The final section 965 regulations (the “Final Regulations”), updated by the IRS and Treasury on Jan. 24, 2019, and published in the Federal Register on Feb. 5, 2019, provide that if an acceleration event or a triggering event occurred on or before Feb. 5, 2019, then a transfer agreement must be filed by March 7, 2019 in order to be considered timely filed. Failure to timely file such agreement could accelerate payment of any outstanding section 965 transition tax liability. The Final Regulations specify that section 9100 relief is not available if a transfer agreement is filed late.
Many types of transactions could cause acceleration of tax that a taxpayer elected to defer under the special provisions contained in sections 965(h) or 965(i). In particular, taxpayers who have restructured their organizations in light of the Tax Cuts and Jobs Act should examine closely whether transactions that occurred prior to Feb. 5, 2019 inadvertently resulted in a termination of their election to defer payment of the transition tax. These regulations make clear that such deferral may be reinstated only if a valid transfer agreement is filed by March 7, 2019. However, it is important to note that the timely filing of a transfer agreement is not a guarantee that a taxpayer’s deferral will be reinstated.
The transition tax
For most taxpayers, section 965 was applicable in the 2017 tax year. In general, section 965 levies a mandatory one-time transition tax on the untaxed post-1986 foreign earnings of certain foreign corporations owned by a U.S. shareholder. Foreign earnings considered held in the form of cash and cash equivalents are taxed at a 15.5 percent rate, and the remaining earnings are taxed at an eight percent rate. Taxpayers may make an election under section 965(h) to pay the transition tax in installments over a term of eight years with no interest. Additionally, a shareholder of an S corporation can make an election under section 965(i) to defer payment of the transition tax indefinitely. However, certain so-called “acceleration” events (with respect to a section 965(h) election) and “triggering” events (with respect a section 965(i) election) may result in the taxpayer’s transition tax liability becoming due immediately.
Triggering or accelerating payment of deferred transition tax
Under the Final Regulations, an acceleration event or triggering event includes, among other things, a “liquidation, sale, exchange, or other disposition of substantially all of the assets” of the electing taxpayer. The preamble to the Final Regulations indicates that even an exchange or disposition of substantially all of the assets resulting from a downstream tax-free reorganization, “F” reorganization, or a transaction described in section 351 or 721 may constitute a disposition of substantially all of the taxpayer’s assets. For example, a U.S. corporation that transfers shares to another corporation in an otherwise tax-free reorganization generally will accelerate the amount of any deferred transition tax unless the U.S. corporation files a transfer agreement with the IRS within 30 days of the transfer. If that transfer occurred on or before Feb. 5, 2019, the agreement must be filed by March 7, 2019.

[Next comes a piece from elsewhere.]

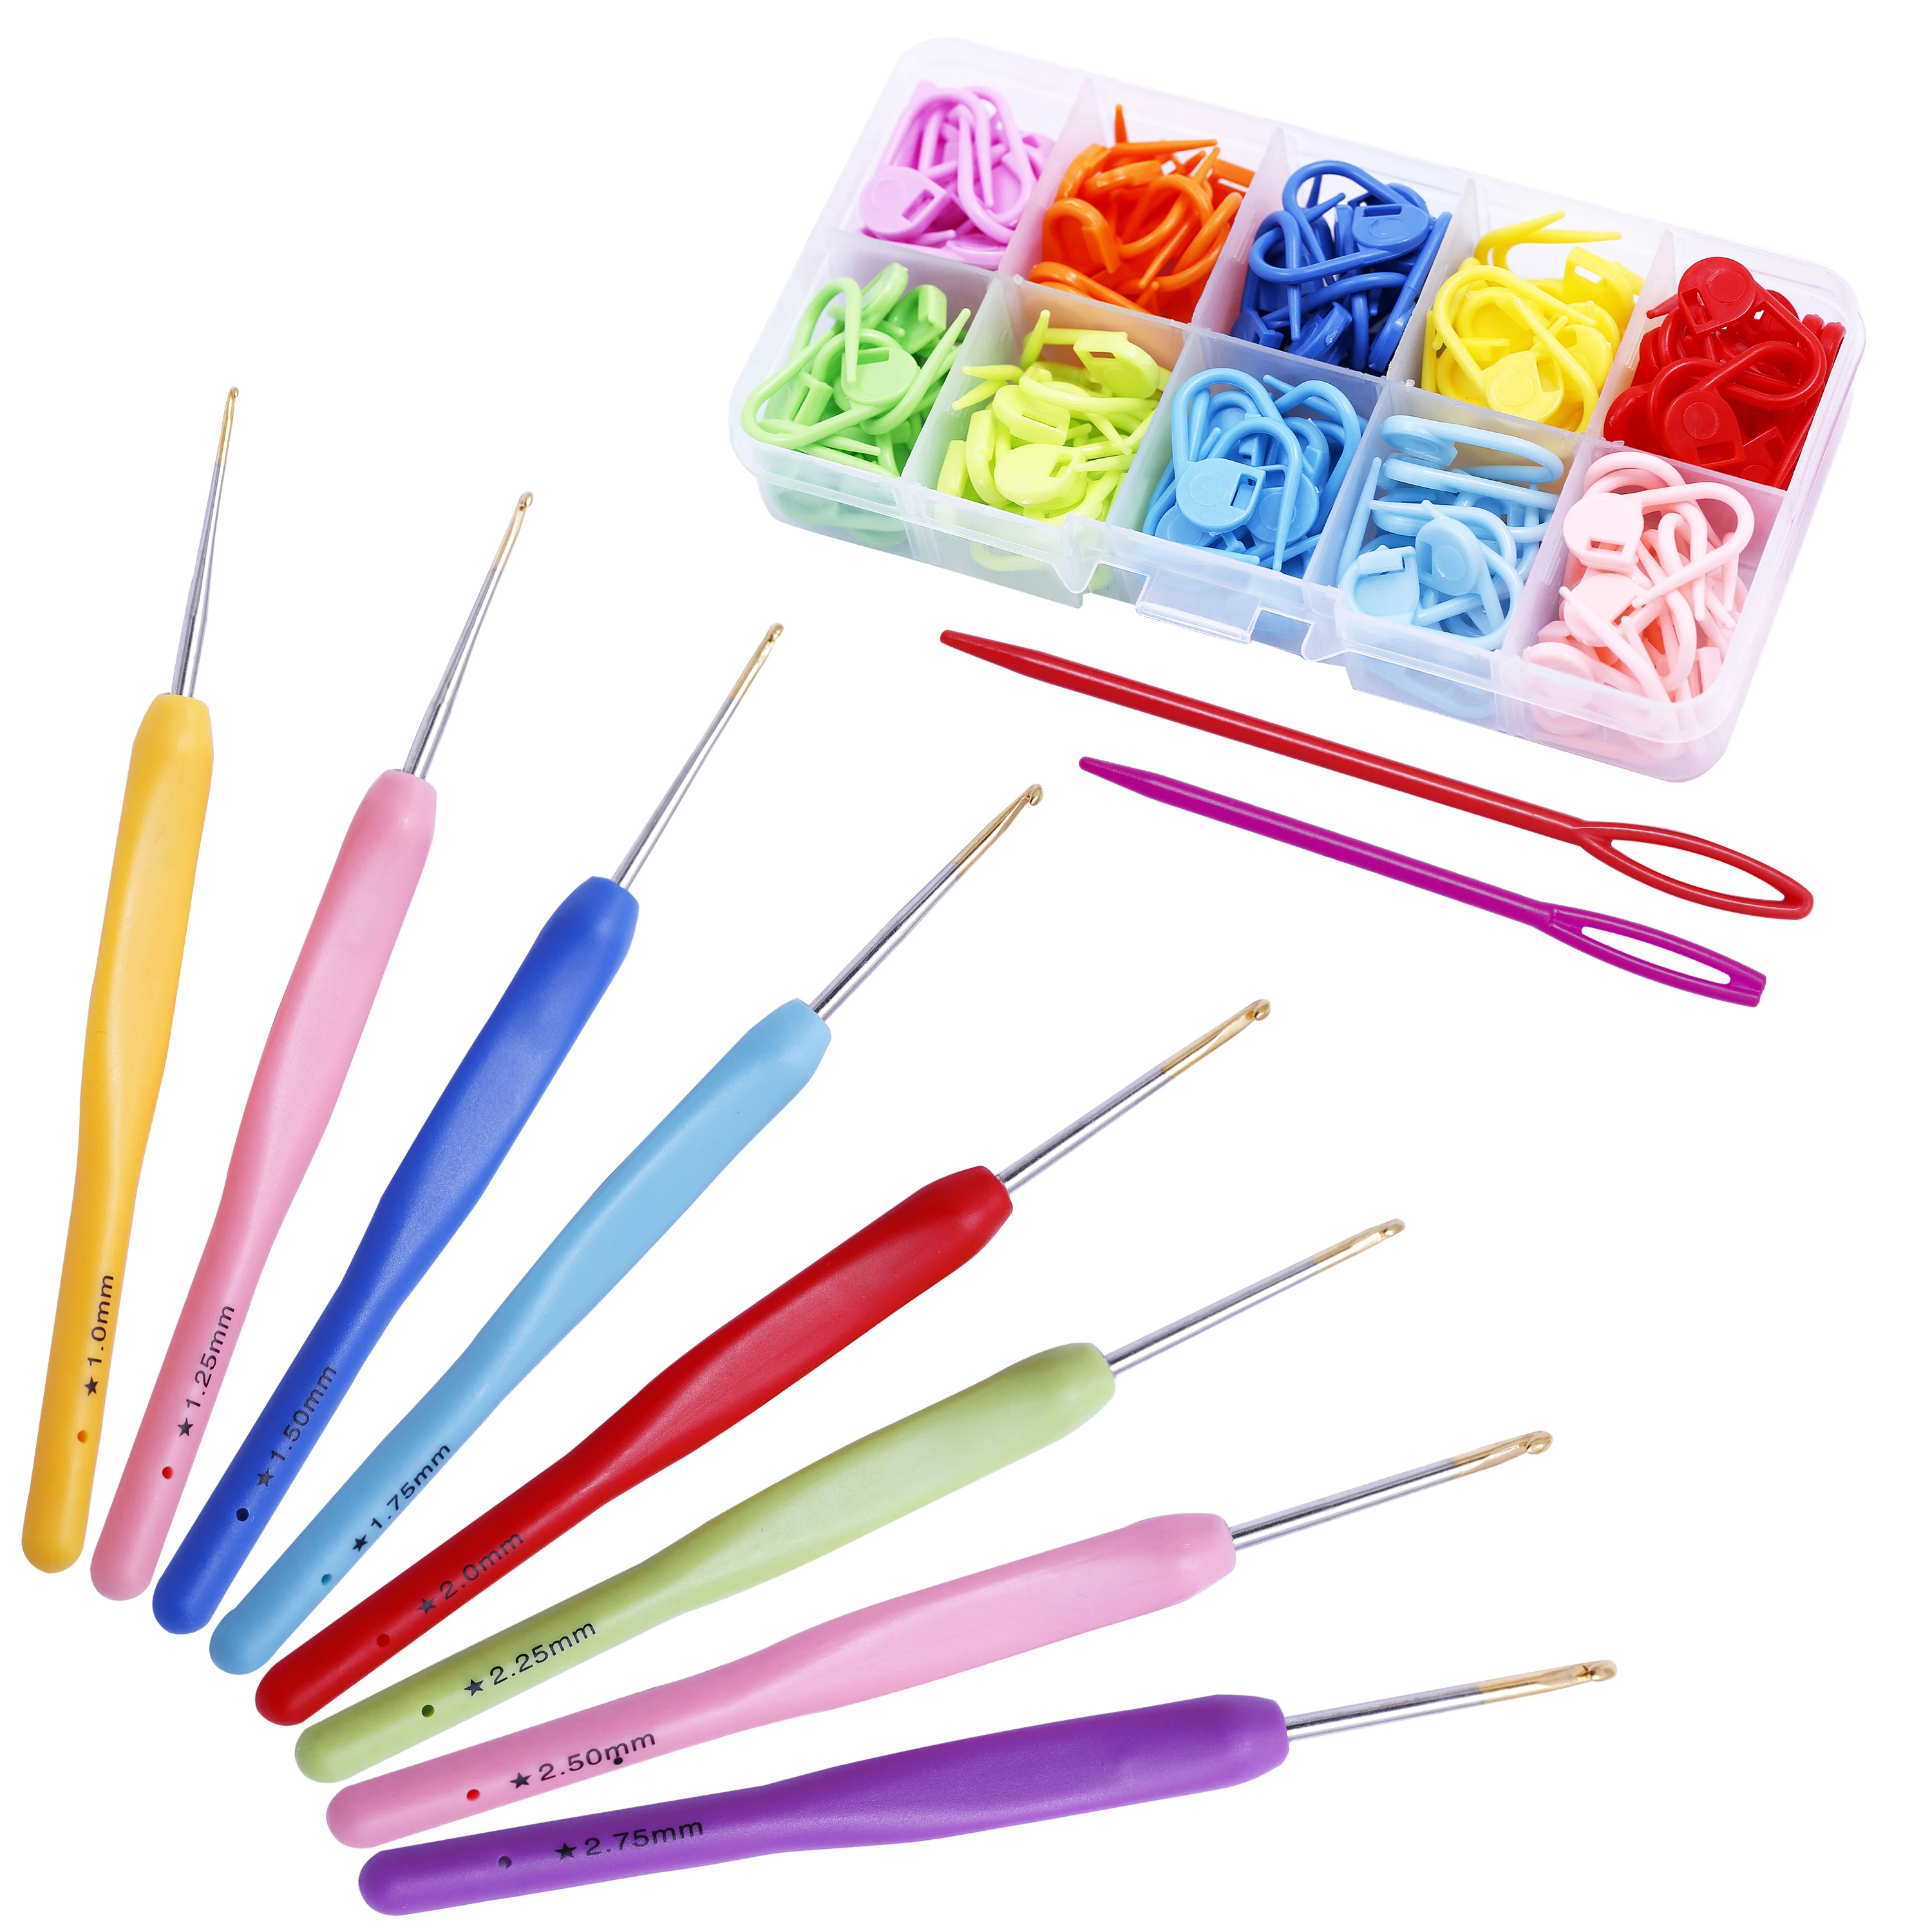 

MIUSIE 160 PCS Crochet Hooks and Locking Stitch Markers Plastic Handle Knitting Needle Set for Yarn Sweater Weave for Beginners

However, the rules for shareholders of S Corporations are potentially more treacherous. For example, assume a U.S. individual taxpayer owns 100 percent of an S corporation that, in turn, owns 100 percent of a foreign corporation as its sole asset. In 2017, U.S. individual had a transition tax liability pursuant to section 965 and made an election under section 965(i) to defer payment of this tax indefinitely. In 2018 or 2019, to take advantage of the lower 21 percent corporate tax rate or to mitigate the impact of the global intangible low-taxed income (GILTI) rules, U.S. individual instructs the S corporation to contribute all of its shares in the foreign corporation to a newly formed U.S. C corporation (owned 100 percent by the S corporation). Although the U.S. individual and the S corporation continue to own 100 percent of the foreign corporation indirectly, the contribution transaction may nonetheless constitute a triggering event, resulting in an acceleration of the due date of any outstanding deferred section 965 liability. Unfortunately, under the Final Regulations, this S corporation shareholder may not file a transfer agreement to maintain his or her Section 965(i) election under this particular set of facts, but may be able to if another triggering event occurs.
However, the shareholder may be able to make an election under Section 965(h), which would allow the taxpayer to pay the transition tax over the eight year period described above, provided the taxpayer files the election (by filing a transfer agreement) within 30 days of the transfer of the shares (here the transfer of all of the S corporation’s assets). If the triggering event is other than a disposition of the assets of the S Corporation, then the shareholder may be able to file his or her Section 965(h) election by the extended tax return due date for the year in which the triggering event occurs.
Since many events can result in inadvertent termination of a taxpayer’s election to defer payment of their section 965 liability, taxpayers who have made such an election should work closely with their advisors to determine whether their activities have resulted in an acceleration or triggering event. Even if the acceleration or triggering event is one for which relief is available, the Final Regulations set forth many additional requirements as to the form and substance of the transfer agreement that taxpayers should carefully review to ensure they preserve their deferral of the transition tax, if at all possible.